Apart from staying on top of the latest trends, those questioned said healthy lifestyles and religious faith kept them young. They also emphasized that maintaining the brain was also very important in keeping them going.
Snelling said the telephone survey conducted in February provided an insight into the lives of a small but growing segment of the population.
"It gives us a snapshot and useful anecdotal information that will help us understand what it is that keeps Americans healthy, happy and independent in getting older," she said.
Of the 70 women and 30 men surveyed, 70 percent still live at home and, like the rest of their fellow US citizens, said they follow the newest fads like reality TV, videogames and iPods, all the while keeping up with current events.
Sixty eight percent said they rely on TV as their primary source of news while 40 percent said they still read newspapers. Only 10 percent use the radio for information.
US Census Bureau data showed that there are 80,000 centenarians in the US, but that number is projected to increase seven-fold to 580,000 by 2040 as the post-1945 baby boomer generation ages.
Of the centenarians surveyed, 72 percent have eaten at fast food restaurants, 31 percent have watched reality TV shows and 27 percent have watched MTV or music videos.
One out of four have bought CDs while 15 percent have played videogames; 6 percent have surfed the Internet and 4 percent have listened to music on iPods.
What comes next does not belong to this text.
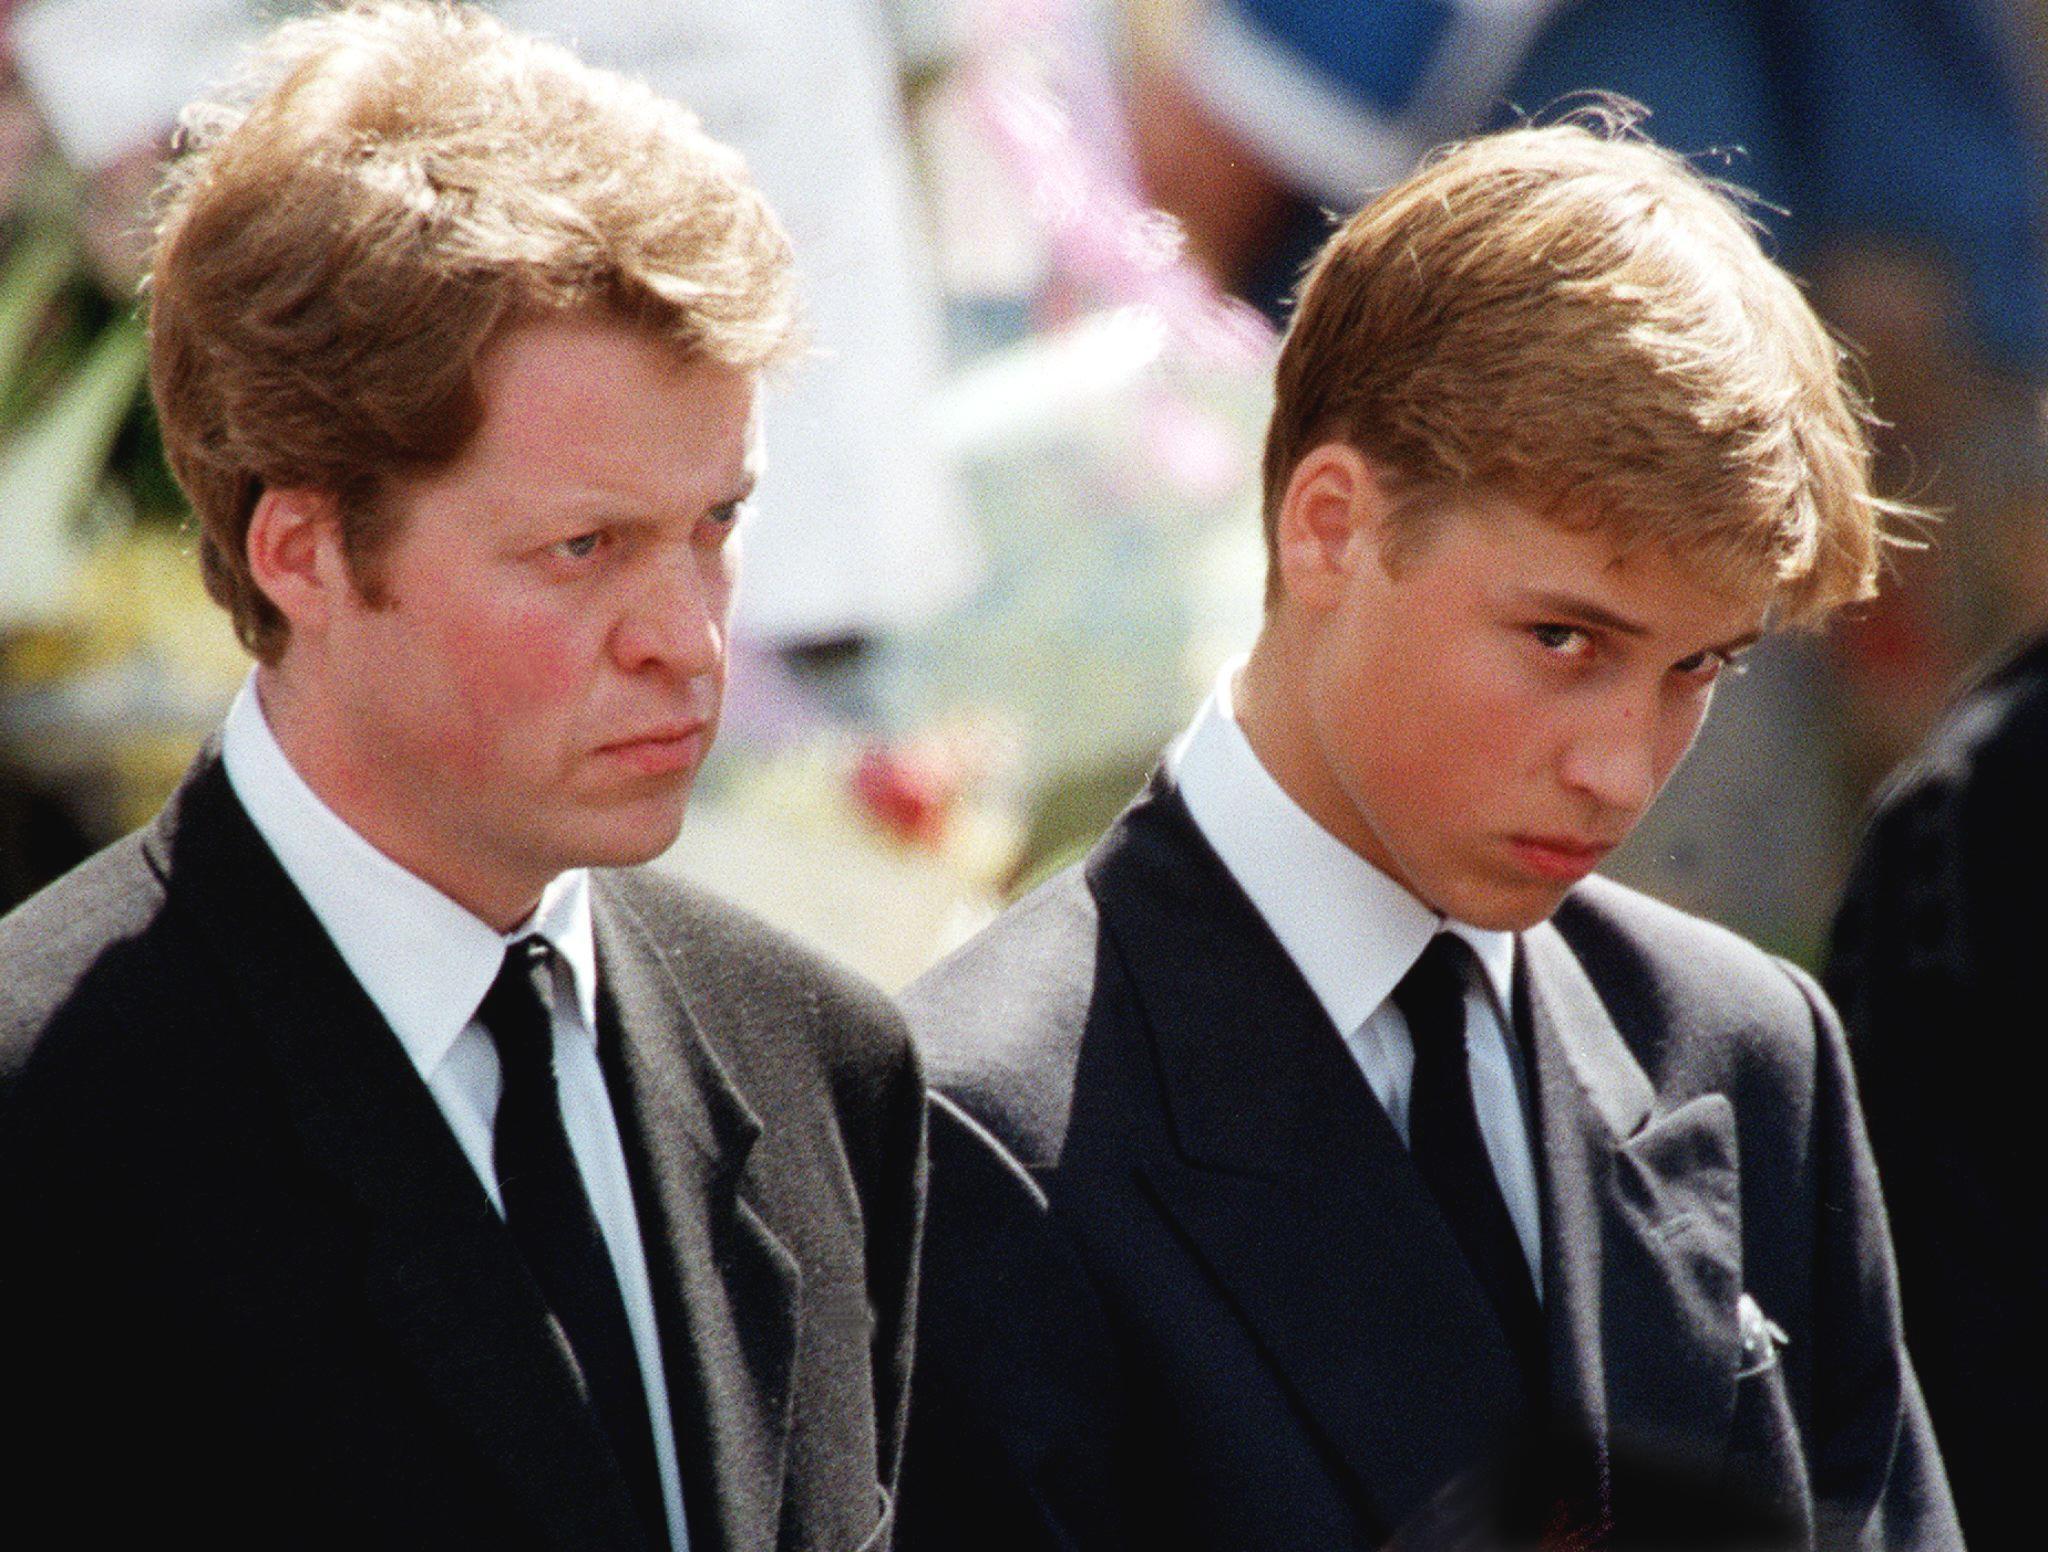 Prince William and her uncle Charles, Earl Spencer wait in front of Westminster Abbey to attend the funeral ceremony of Princess Diana on September 6, 1997 in London | Source: Getty Images

Eleven percent said they have tried coffee at Starbucks.
Health-wise, 23 percent said they have smoked cigarettes and on average, those who quit did so 41 years ago.
More than three quarters said that their dietary habits have improved or stayed the same compared to 50 years ago.
On the political front, 34 percent believed Franklin Roosevelt was the best US president, followed by 15 percent who felt that way about Ronald Reagan and 9 percent John F. Kennedy.
Former president Bill Clinton, at 5 percent, fared slightly better than US President George W. Bush, who received 3 percent.
As far as music, jazz, gospel and classical music were top picks by those queried, although pop stars like Michael Jackson and the Dixie Chicks were also mentioned.
For 28 percent, the most beautiful day of their life was their wedding day, while the birth of a child or their 100th birthday tied for second place.